TRIBUNNEWS.COM, JAKARTA - Peristiwa penyerangan di Lembaga Permasyarakatan (Lapas) Cebongan Sleman, memunculkan kembali wacana kepolisian di bawah kementerian.
Usulan tersebut merupakan salah satu solusi mengatasi konflik antara polisi dan TNI. Namun, wacana itu sepertinya masih sulit diwujudkan. Anggota Kompolnas Adrianus Meiala mengatakan, institusi Polri saat ini terlalu pragmatis.
"Mereka nyaman di bawah presiden, dan memicu kecemburuan tentara yang di bawah Kementerian Pertahanan," ujar Adrianus dalam diskusi di MPR, Jakarta, Senin (25/3/2013).

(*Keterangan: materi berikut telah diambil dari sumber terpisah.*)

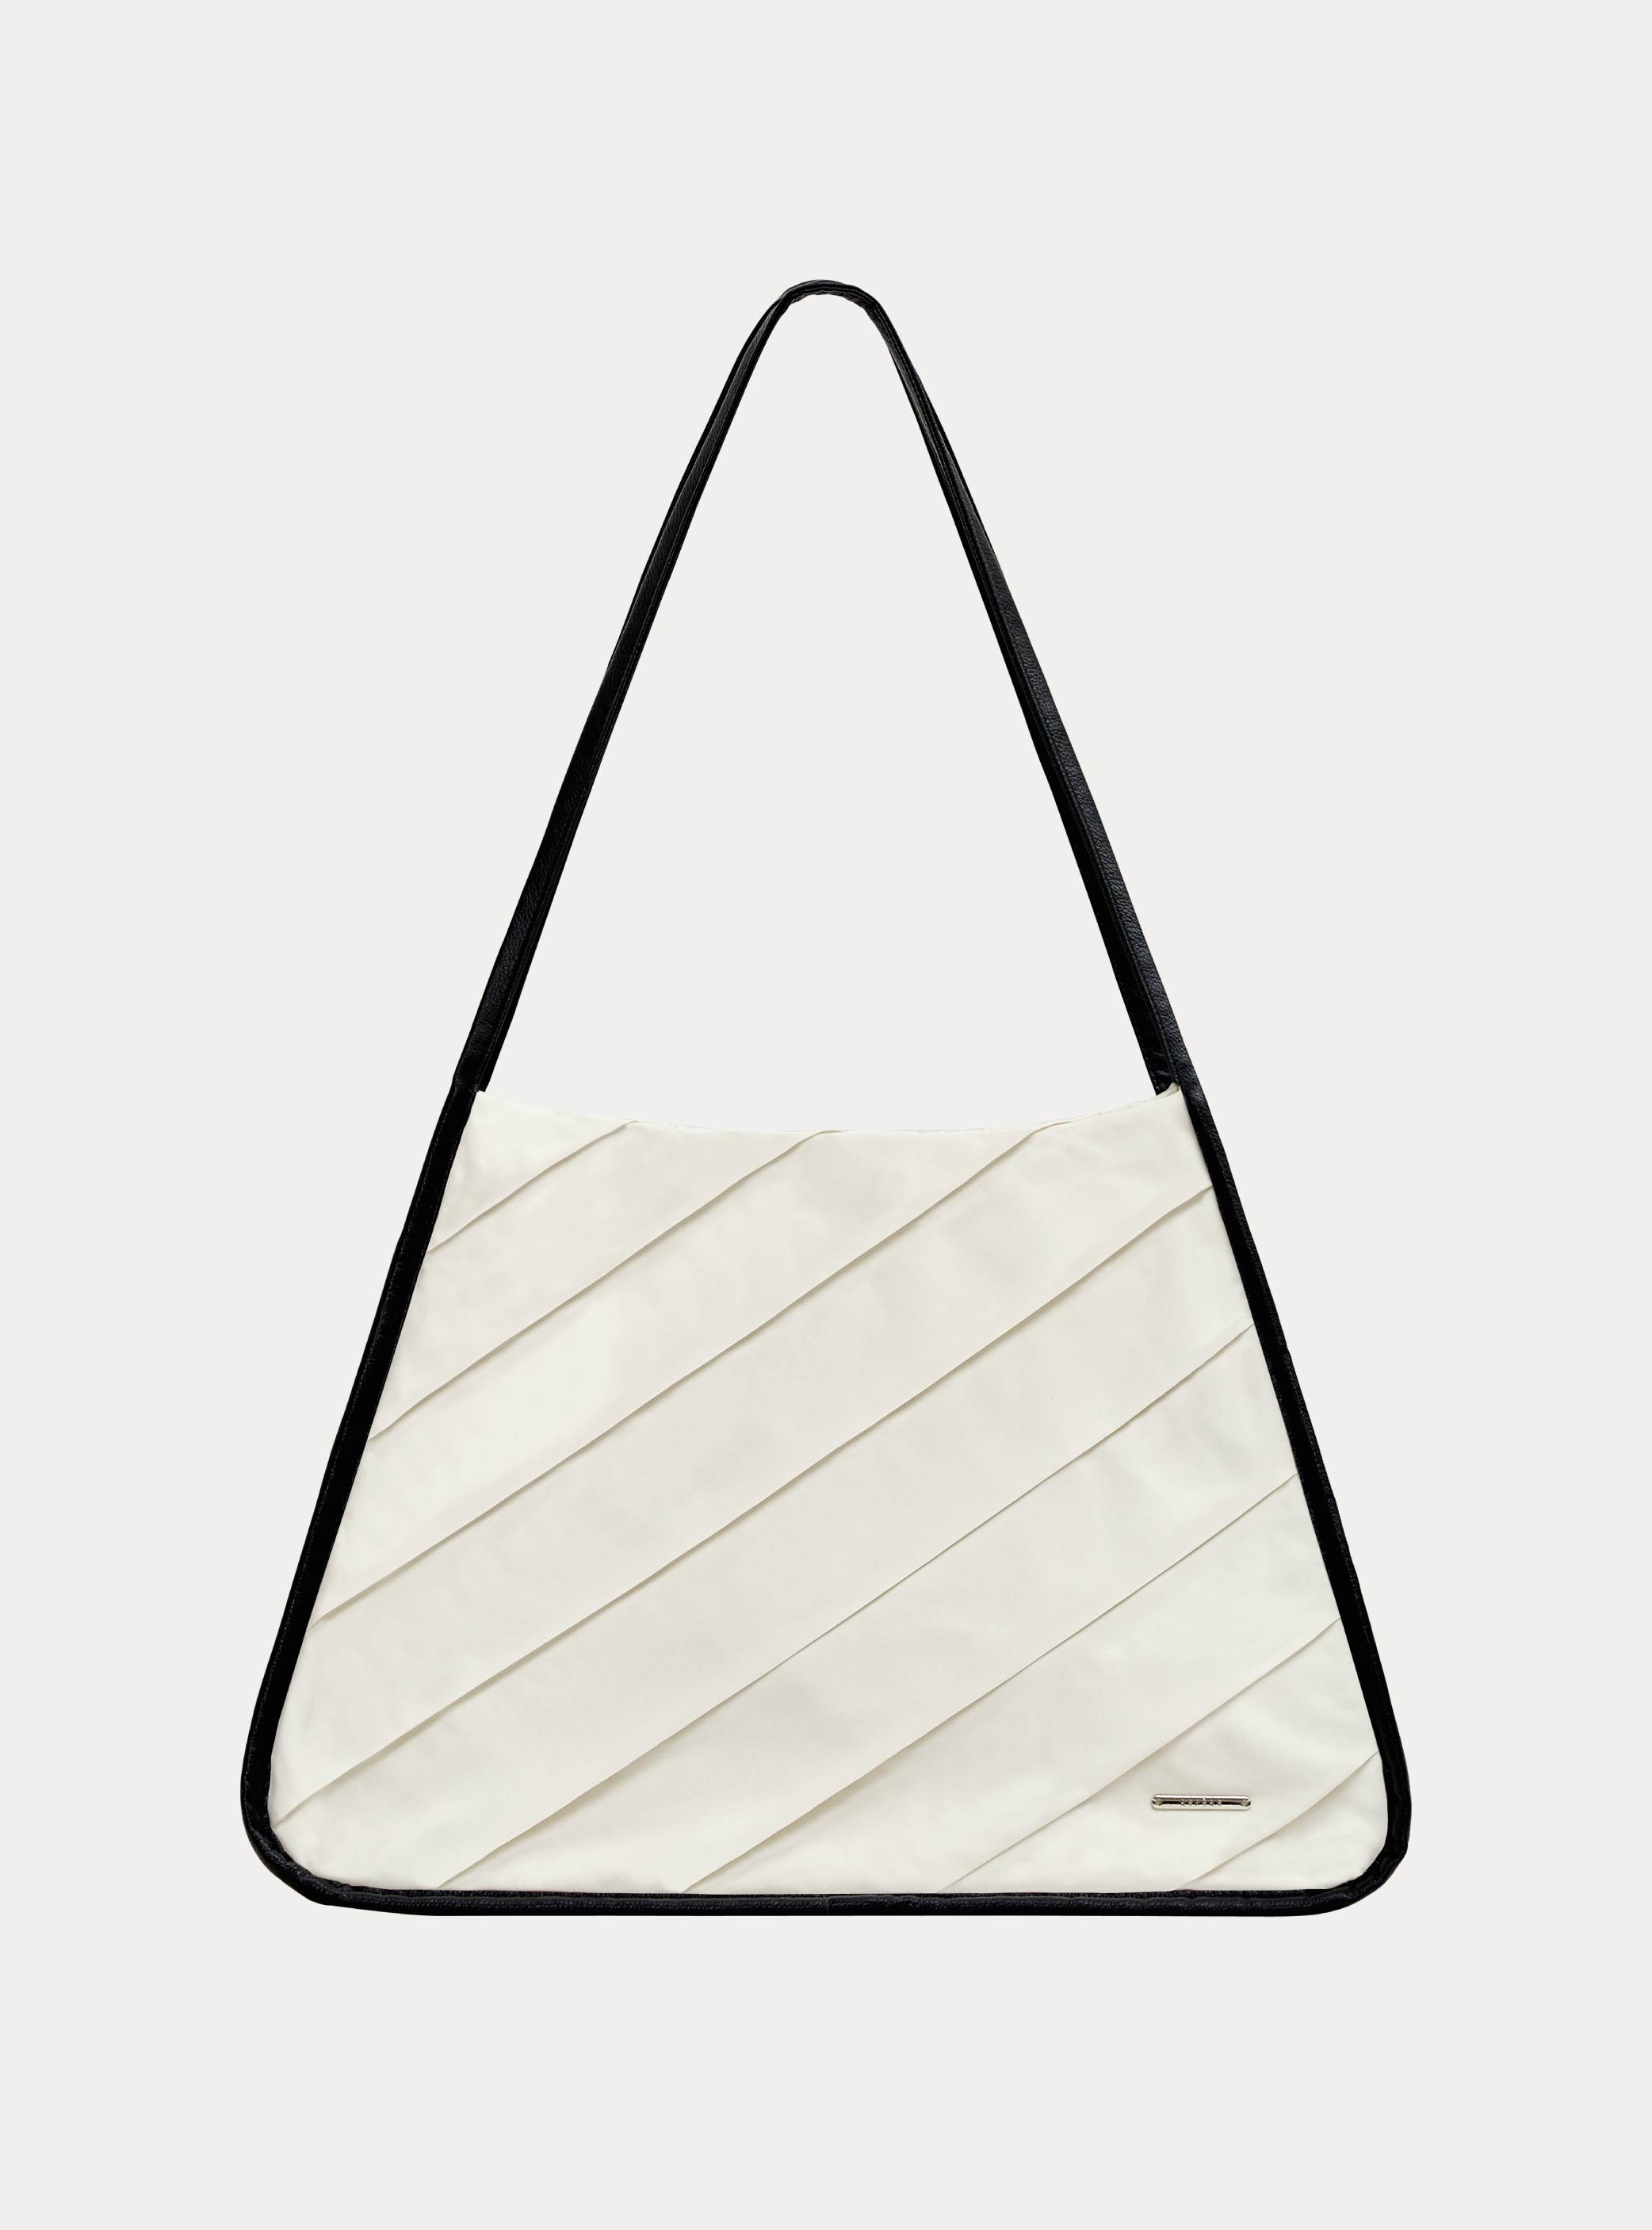 이그리트 플리츠 토트백  Ygritte pleats tote bag (1color)

Pengamat militer asal LIPI Jaleswari Pramodharwardani menuturkan, hubungan TNI Polri sudah di titik nadir. Sebab, banyak pihak menyebutkan berbagai macam faktor yang membuat kedua institusi itu meregang, seperti kecemburuan dan kedisiplinan.
Ia mengatakan, pemisahan TNI-Polri pada era reformasi masih menyisakan sejumlah masalah.
"Tidak clear pemisahan dan dampaknya. Sebagai lembaga yang terpisah oke, tapi bagaimana pemisahan itu terjadi. Kita tidak pernah memberlakukan hubungan TNI-Polri secara serius, tapi seperti pemadam kebakaran," tuturnya.
Saat reformasi, papar Jaleswari, sepertinya pemerintah hanya memisahkan Polri dan TNI dari segi tanggung jawab keamanan. Berubahnya peran, berimplikasi kepada umum.
Dulu, jelanyaa, TNI menjaga obyek vital negara, namun kini diambil Polri. Begitu pula soal terorisme, yang dulu pemberantasannya dilakukan TNI, kini berpaling ke Polri.
"Ini bicara kesejahteraan dan kekuasaan," ucapnya.
Jaleswari mencotohkan, di Jepang, polisi di bawah Kompolnas. Di Malaysia, polisi di bawah Kemendagri. Sedangan di Amerika Serikat, polisi di bawah negara bagian.
"Perubahan struktur penting agar tidak menambah kecemburuan. Militer sekarang tidak mau disidik Polri," cetusnya. (*)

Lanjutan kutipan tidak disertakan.